The relative value of the mean and median estimators can be conveniently assessed in a single value, the Mean Squared Error (MSE). MSE is defined as,

$\begin{equation*} \text{MSE}_{\hat{\theta}} = \frac{1}{n} \sum (\hat{\theta} - \theta)^2 \end{equation*}$

where $$\theta$$ is the known value, and $$\hat{\theta}$$ is the estimated value. The MSE takes the average squared difference between these two quantities. MSE values closer to 0 imply a better “quality” of estimator. Much more can be said on the general topic of error functions, particularly the relationship between MSE, bias, and variance, but for this post let’s leave it here.

Calculating the MSE for the replicated means and medians gives $$\text{MSE}_{\bar{x}} = 0.181, \text{ MSE}_{\text{Med}(x_i)} = 0.039$$ respectively. In this case $$\theta$$ is 0 as this is the center of the considered t distribution. Clearly the median is a better estimator according to the chosen error function.

### Simulation 2

In simulation 1 all the replicates were of a fixed sample size, $$n = 50$$. It could be interesting to see how the estimators perform across gradually larger sample sizes. 1000 replications of $$x_i \sim t(v=2)$$ for fixed increments of $$n = \{50, 100, 150, \dots, 1000\}, \ i = \{1,\dots,n\}$$, will be considered. The MSE of estimators will be plotted as functions of $$n$$ to discern how sample size may affect the estimate’s “quality”.

In addition to the mean and median, I have coded a crude weighted estimator of the mean (for a distribution centered about 0) to consider in the simulation as well. The weighted mean is defined as such,

$\begin{equation*} \hat{\text{W}} = \frac{1}{n}\sum_{i}^{n} w_ix_i, \begin{cases} w_i = 1, & \text{if x_i \in [-\frac{1}{2\bar{x}s_x}, +\frac{1}{2\bar{x}s_x}]} \\ w_i = \frac{1}{2} & \text{otherwise}. \end{cases} \end{equation*}$

where $$s_x$$ is the sample standard deviation of a sample $$x_i$$.

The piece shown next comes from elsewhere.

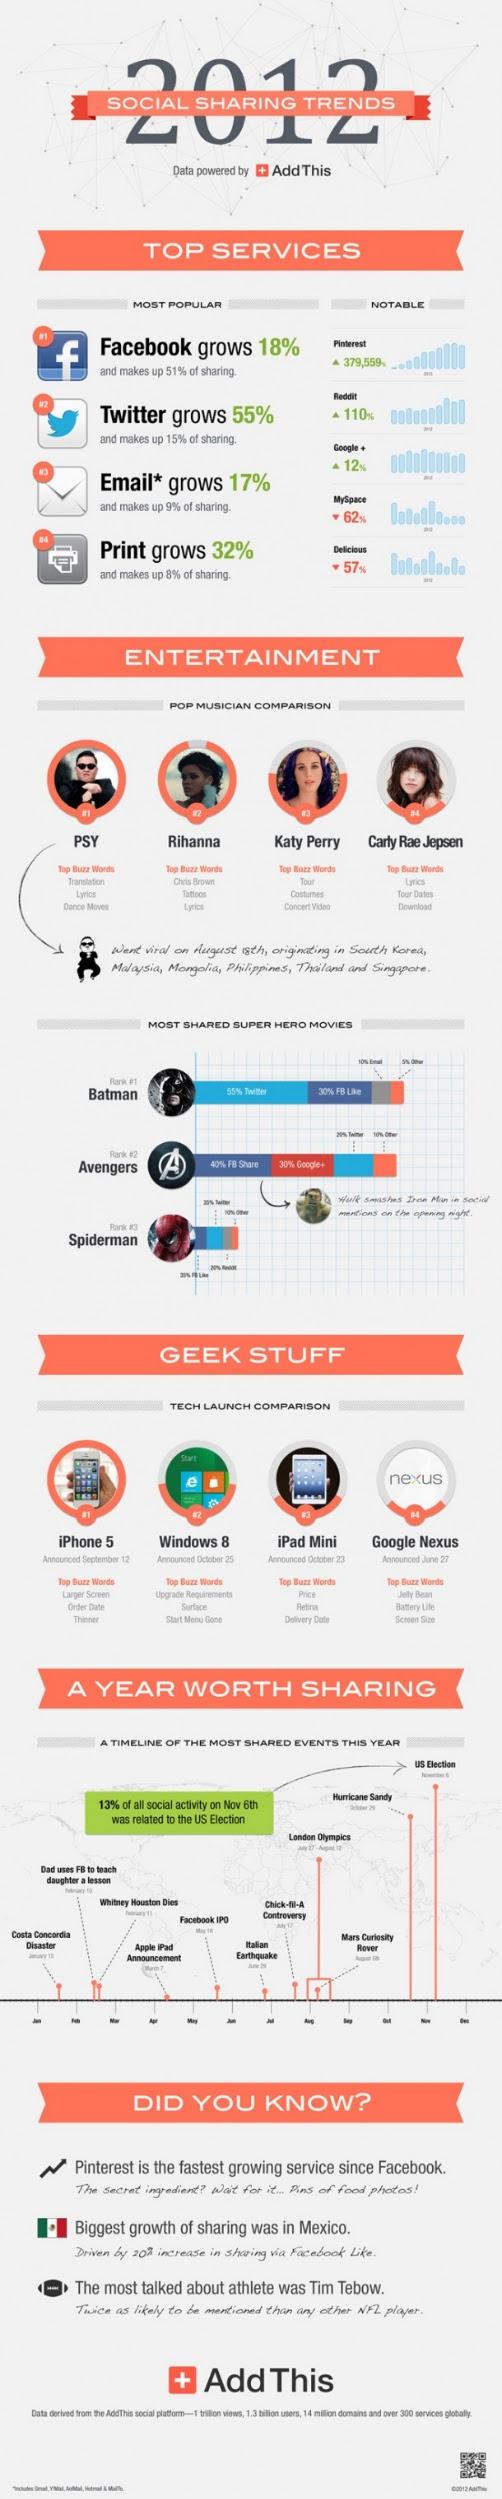 mas compartido popular redes sociales 2012

Performing the simulation…

In Figure 3 the median is the most stable estimate, hovering around a MSE of 0 as $$n \to 1000$$. The crude weighted mean is also surprisingly stable, except at $$n = 650$$ and $$900$$, which also correspond to large spikes in the typical sample mean. This is likely due to these replication blocks randomly containing more outliers in one tail of the samples than the other. The typical sample mean will be severely affected, and the weighted mean cannot account for more outliers in one tail over another. It is interesting this occurred in replication blocks for relatively large $$n$$.

Zooming in on Figure 3 gives a useful plot as well.

By cropping the out-sized MSE values, it is more clear that the weighted mean usually underperforms the median with respect to MSE, and the typical sample mean MSE is quite variable across $$n$$. The median is the most stable estimate with respect to MSE.